All food is brain food when your brain is making 250,000 new neurones every minute.

In a small two-center trial first published in 2013 50 very preterm babies were randomized to different parenteral nutritional intakes. The main differences between the groups were that the controls started at 2 g/kg/d of protein, compared to 3.5 in the intervention group. The controls started at 0.5 g/kg/d of lipid given as ClinOleic, the intervention group started at 2 of SMOFLipid; both gradually increased to a max of 3.4. One they were receiving 110 mL/kg/d of milk the fortification was different between the groups, with the enhanced group getting an extra 0.8 g/kg/d of protein, to achieve 4.4 g/kg/d, and getting extra omega 3 fatty acids to arrive at a total of 166 kcal/kg/d, compared to 146. (which is a whole lot of calories!)

Unfortunately the planned sample size was not achieved, the study was stopped early because there was more sepsis in the enhanced nutrition group (p<0.04).
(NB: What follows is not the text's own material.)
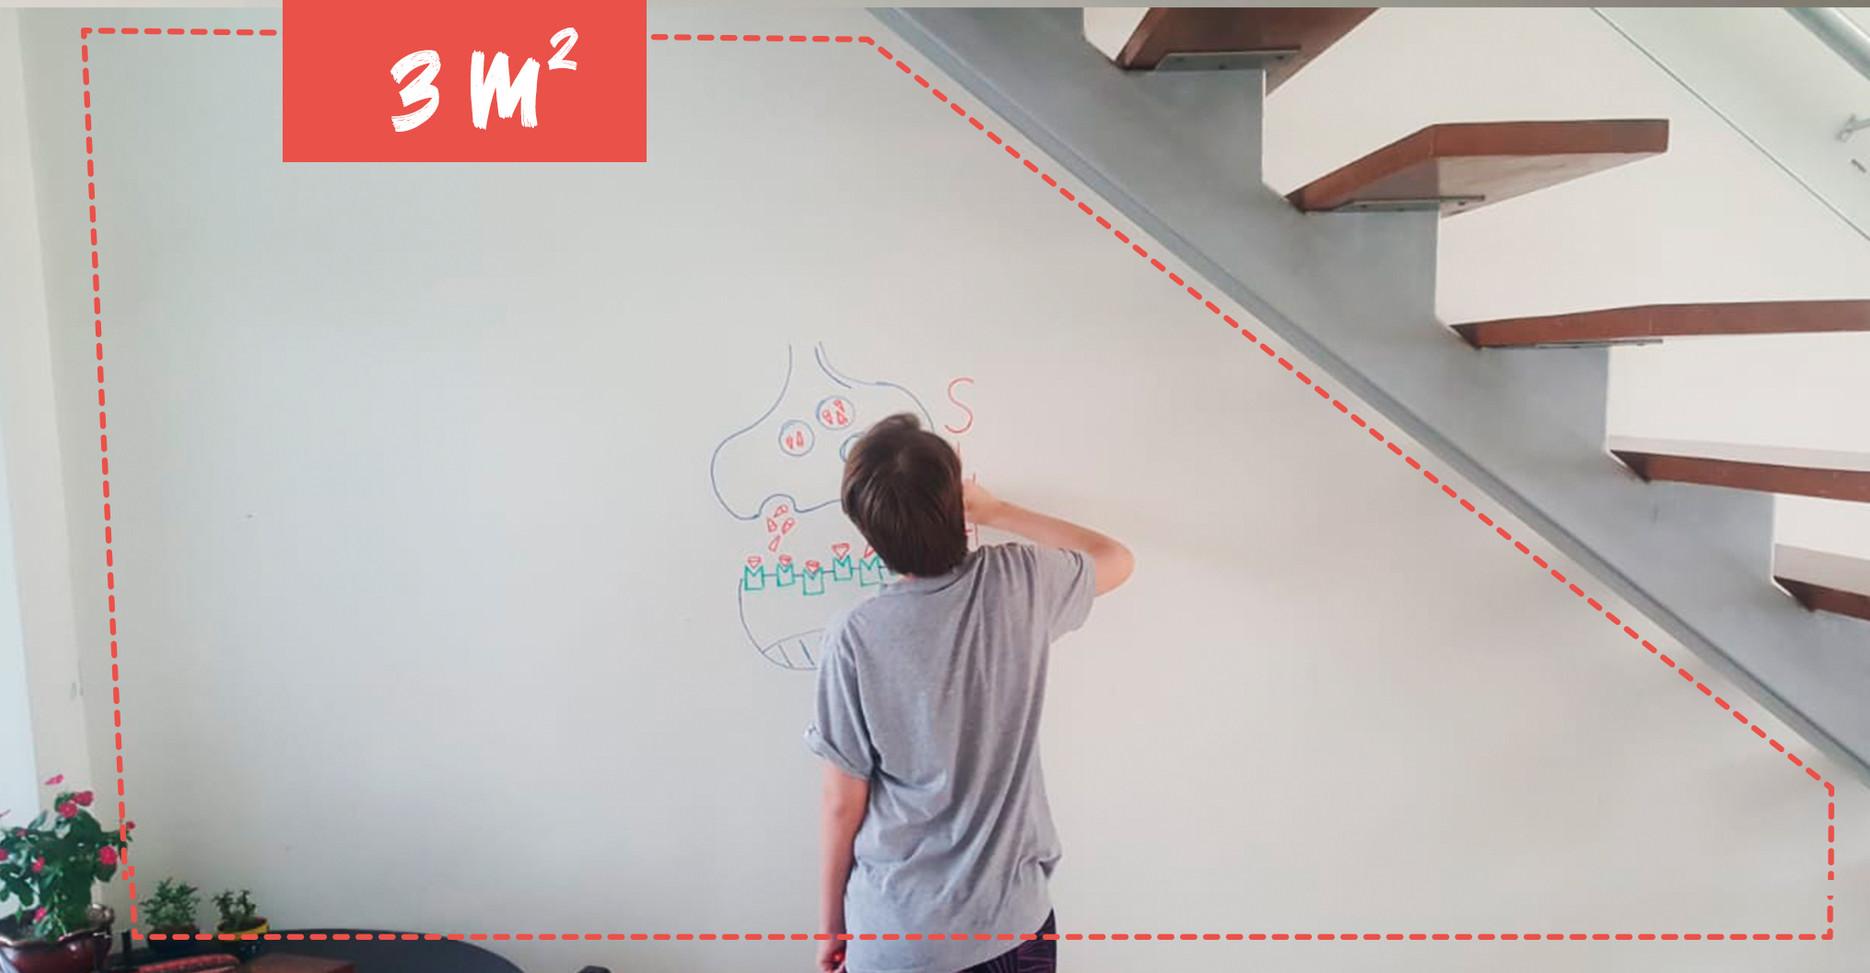 Area de Creatividad - 3 m2.jpg
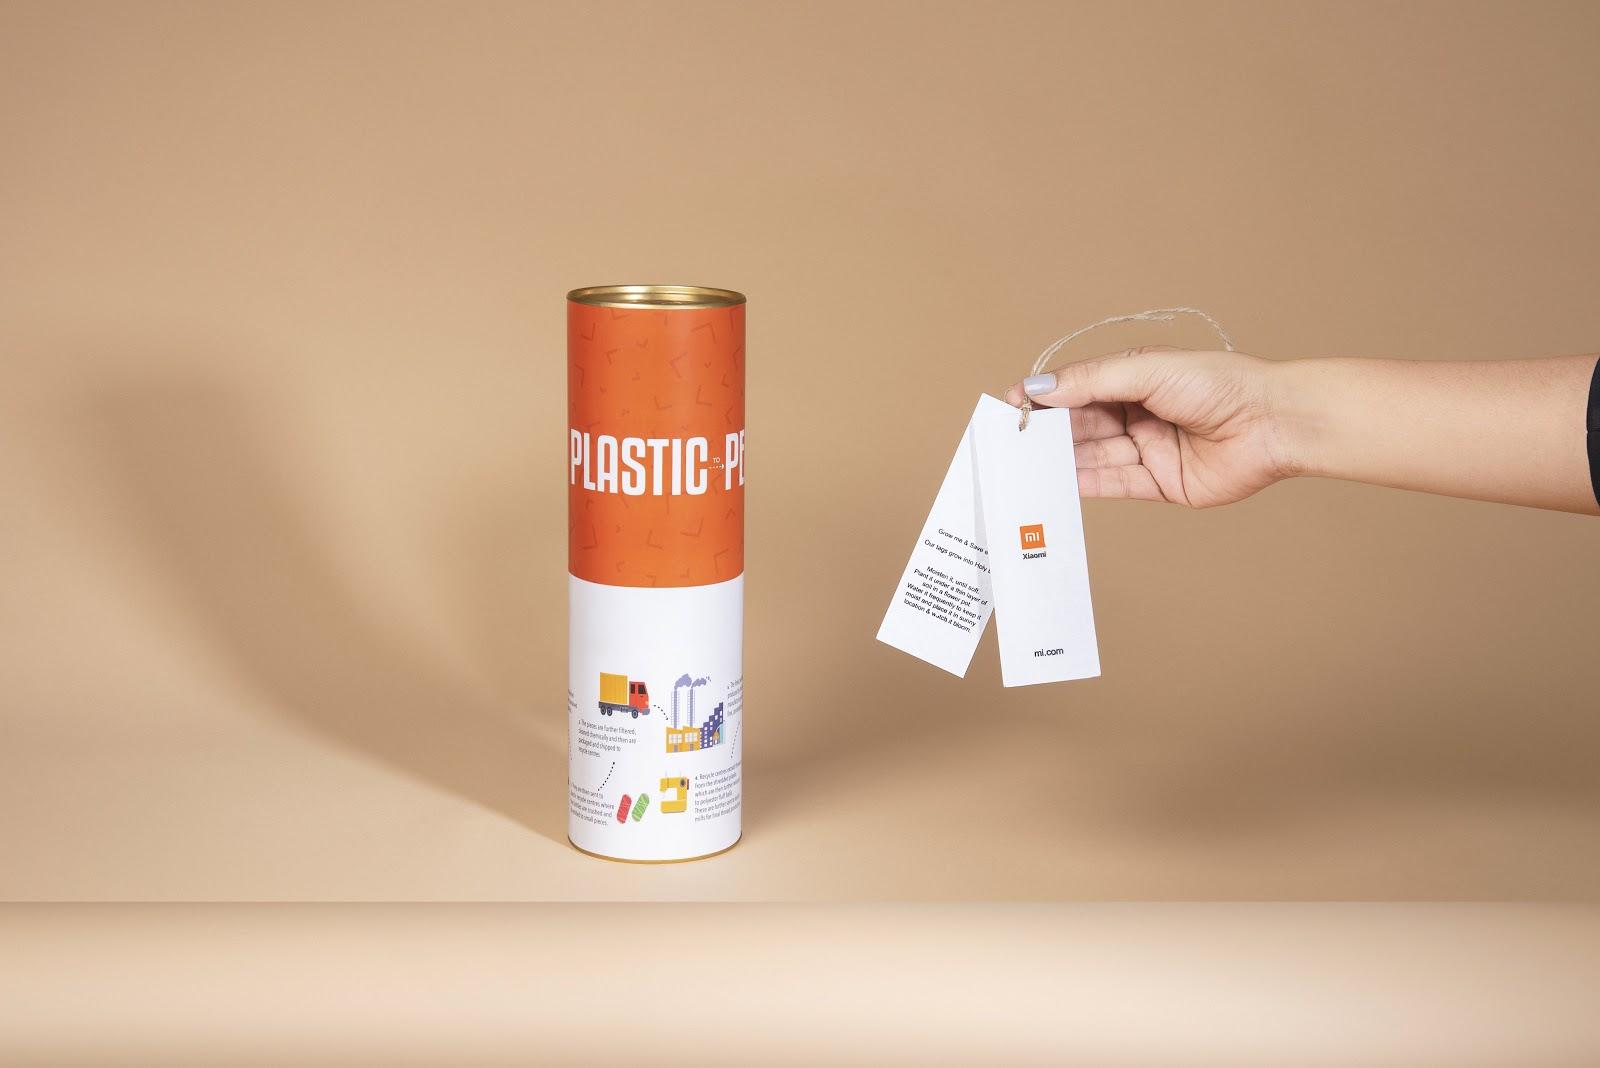 Xiaomi ra mắt áo phông làm từ nhựa, tặng kèm cả hạt giống cây trồng khi bán ra - Ảnh 3.

Stopping a trial for a barely significant difference between groups is really not a good idea, but it is often a difficult decision, especially when the difference is an important adverse outcome. The primary outcome was post-natal growth restriction. The authors were following a number of secondary outcomes as were the data monitoring committee. The risk that one of those outcomes will be ‘statistically significant’ at some point during the data accumulation is enormous. That is why stopping rules should be much more stringent than that. Of course if you continue the study and it turns out that there really is more sepsis at the end of the study, you may then be criticized, and you might feel bad.  You might indeed face totally ridiculous criticisms similar to those that were directed at the SUPPORT trial by Public Citizen, who don’t understand how interim analyses work.

Having said that the authors published a second paper with the growth data; because of the small sample size there was a difference in the birth growth variables between groups, which actually favoured the controls, more SGA babies in the enhanced nutrition group. Despite this there were significant advantages of the enhanced protocol. None of the non-growth restricted babies in the intervention group became growth restricted, compared to 1/3 of the babies in the control group. The z-scores for weight dropped by about 0.3 for the intervention group, between birth and 30 days of age, and by about 0.7 in the controls. Head growth was also better.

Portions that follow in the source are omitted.